Regenerative medicine offers hope to millions of people worldwide and involves some of our most advanced biomedical science… and some apples. Here, Carlisle Baker-Jackson brings us the most promising and incredible efforts we have yet seen to grow tissues and organs
Cell, tissue or organ regeneration is, arguably, an idea that dates back millennia.
Prometheus, for example (albeit a distinctly gruesome one), was the Titan chained to a rock only to find his liver being eaten on a daily basis by an eagle. By necessity therefore, this Greek mythological deity had the capability to grow back the targeted organ overnight. Now, of course, we know that the liver is the only organ in the human body capable of regenerating itself spontaneously – even after serious injury. But that isn’t all we know – not by a longshot.

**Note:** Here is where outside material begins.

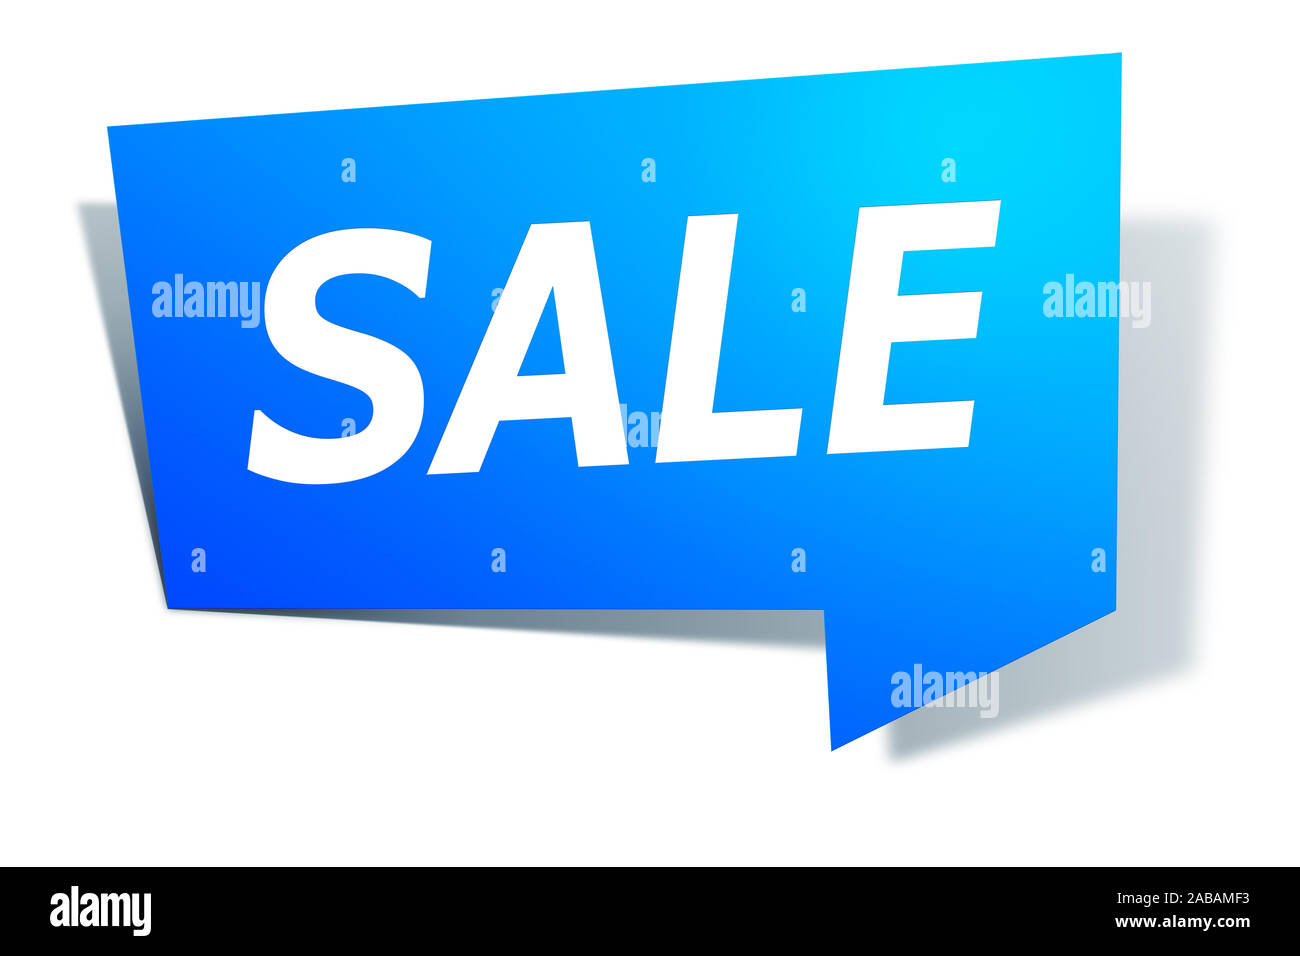 Ein blaues Etikett vor weissem Hintergrund mit der Aufschrift: "SALE" Stock Photo

The modern day definition of regenerative medicine is attributed to Dr William Haseltine, a researcher well known for his work on genomics and HIV/AIDs. He suggested1 regenerative medicine was an approach to therapy that “employs human genes, proteins and cells to re-grow, restore or provide mechanical replacements for tissues that have been injured by trauma, damaged by disease or worn by time offering the prospect of curing diseases that cannot be treated effectively today, including those related to aging”.
The most well-known example of regenerative medicine is probably stem cells
Areas such as stem cell research, artificial organs and macrophage introduction also fall under the definition of regenerative medicine. The most well-known example of regenerative medicine is probably stem cells. Haematopoietic stem cells found in umbilical cord blood, for example, are used to treat childhood blood cancers. Adult stem cells can now be induced to become specialised stem cells (iPSCs) which are capable of being propagated indefinitely and, thanks to their ability to transform into any cell type, show incredible promise when being used to repair cells lost to disease or damage throughout the body.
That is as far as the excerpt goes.